Harry shook out limbs that felt like they'd been steamrolled. The three of them had reappeared in Ron's bedroom. "Not even half an eyelash," he grinned.
"That was a bloody brilliant exit –I bet your uncle's eardrums are still ringing!"
"It did have a certain panache," said Hermione with a small smile.
"What's with the get-ups, though? Malkin's fall/winter collection?"
"It was Hermione's idea," said Ron, rolling his eyes. "Themed rescue Team. Didn't you get my note?"
"Yeah, but –" Harry gestured at the camouflage and pink. "Not exactly Quidditch mitt and catsuit, are they?"
"Well, Ron wanted to scare the Dursleys into thinking he was a guerilla warrior," said Hermione, shooting Ron a retaliatory smirk. "And I tried to transfigure my robes into looking slinky and glossy, but they ended up rather Batman-esque."
"So she settled for being a fairy princess," said Ron in a half-mocking, half-admiring voice.
"Wow –and we're supposed to be seniors this year?" laughed Harry.
Hermione smiled ruefully as she flicked her wand towards Ron and then at herself, turning their travelling robes back to plain black. "We were supposed to be, yes."
Harry could see that it was breaking Hermione's heart to forgo the prospect of a heavy seventh-year curriculum, prefect duties, N.E.W.T. exams, and of course, graduation as top student. "You know for sure … Hogwart's closed?"
Ron shook his head. "We haven't heard yet."
"But even if it does reopen, Harry," said Hermione. "I've already told you, if you don't go back, neither shall we."
"We need to talk about that," mumbled Harry. "Let's just enjoy the last weeks of summer for now." His stomach gave a loud rumble. "And on that note, how about a midnight snack?

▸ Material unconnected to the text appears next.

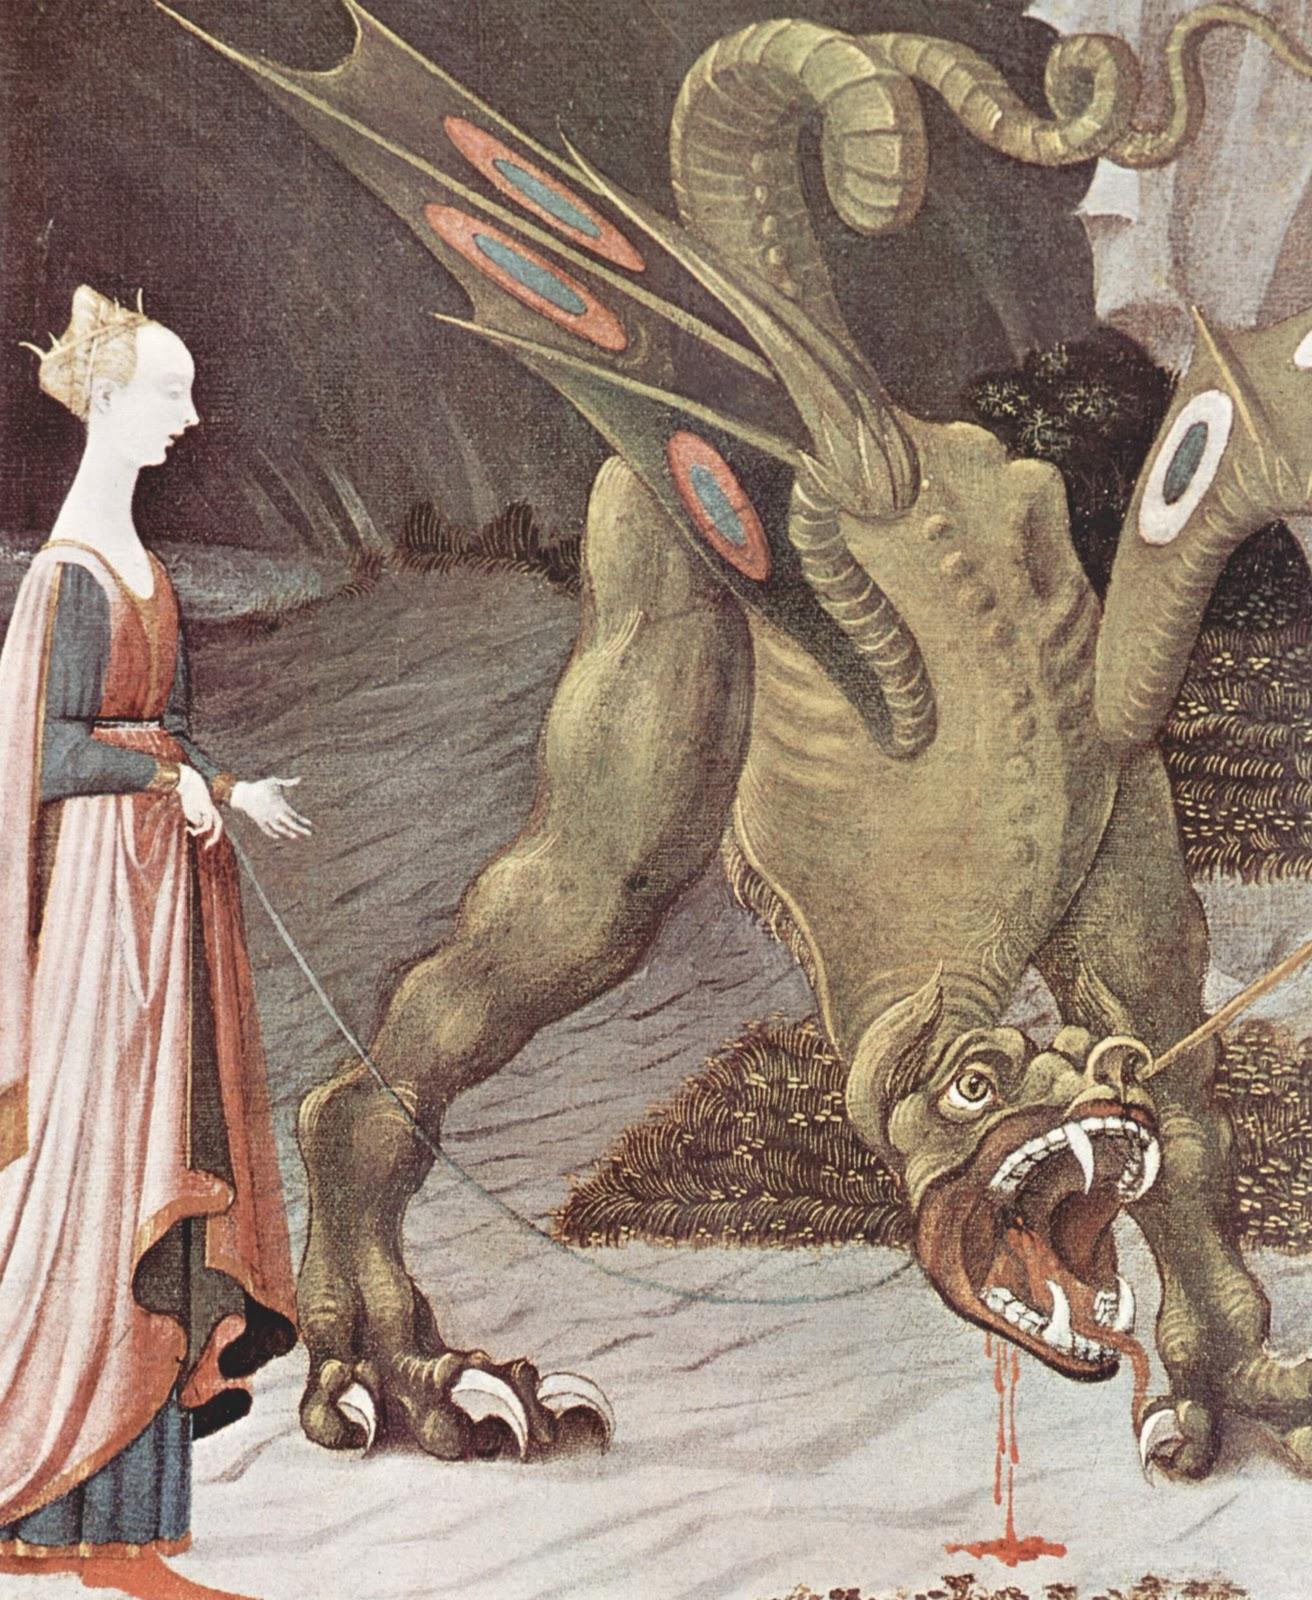 Theaterliebe: Paolo Ucello - Der Heilige Georg tötet den Drachen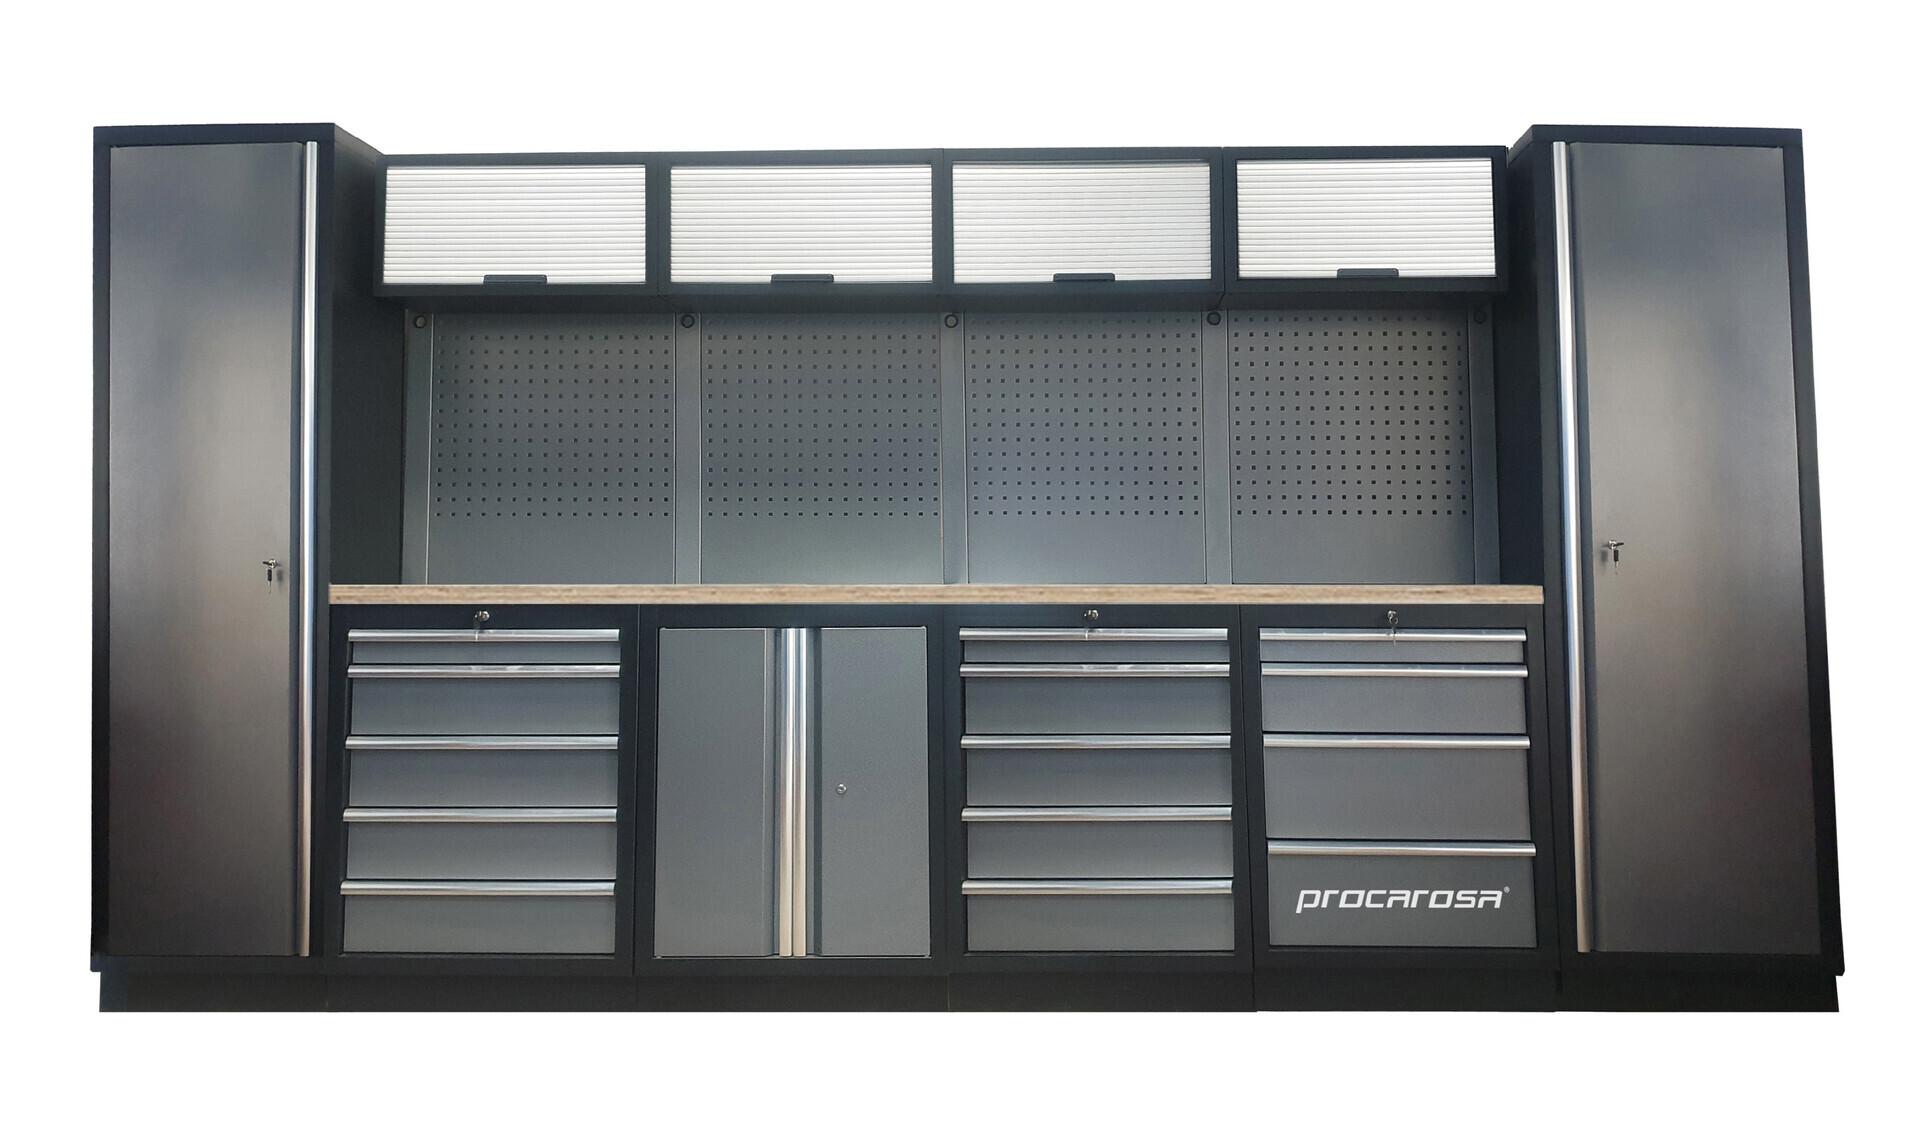 Sestava dílenského nábytku Procarosa PROFESSIONAL L-5 Pracovní deska: dřevěná, Hmotnost: 3

I'm starved!"
"Sure … my mum's asleep, but Hermione is a whiz at ham n' eggs on toast … with this oozy yellow sauce …"
"'Eggs Benedict Carpaccio,'" said Hermione modestly.
As they made their way down the Burrow's rickety staircase to the kitchen, Harry asked casually, "Is Ginny sleeping too?"
"Not here," said Ron, shaking his head. "She's staying at the twin's flat in London until the wedding next week."
"Why?" Harry frowned.
"She felt it would be best for both of you," explained Hermione gently. "That seeing each other too much would only make it harder to part again."
Harry nodded miserably.
"Will of iron, that one," Ron said cheerfully, and Harry couldn't help but wonder if his friend was still protective of his younger sister.
Hermione had by this time conjured three mugs of foamy hot cocoa, set before them on the long wooden table, and was now busy charming her recipe ingredients. "By the way, Harry, how's your Dark Arts research coming along?"
"A lot of theory," said Harry. "Couldn't practice much, of course."
"Very funny," said Hermione. "I meant have you learned anything interesting?"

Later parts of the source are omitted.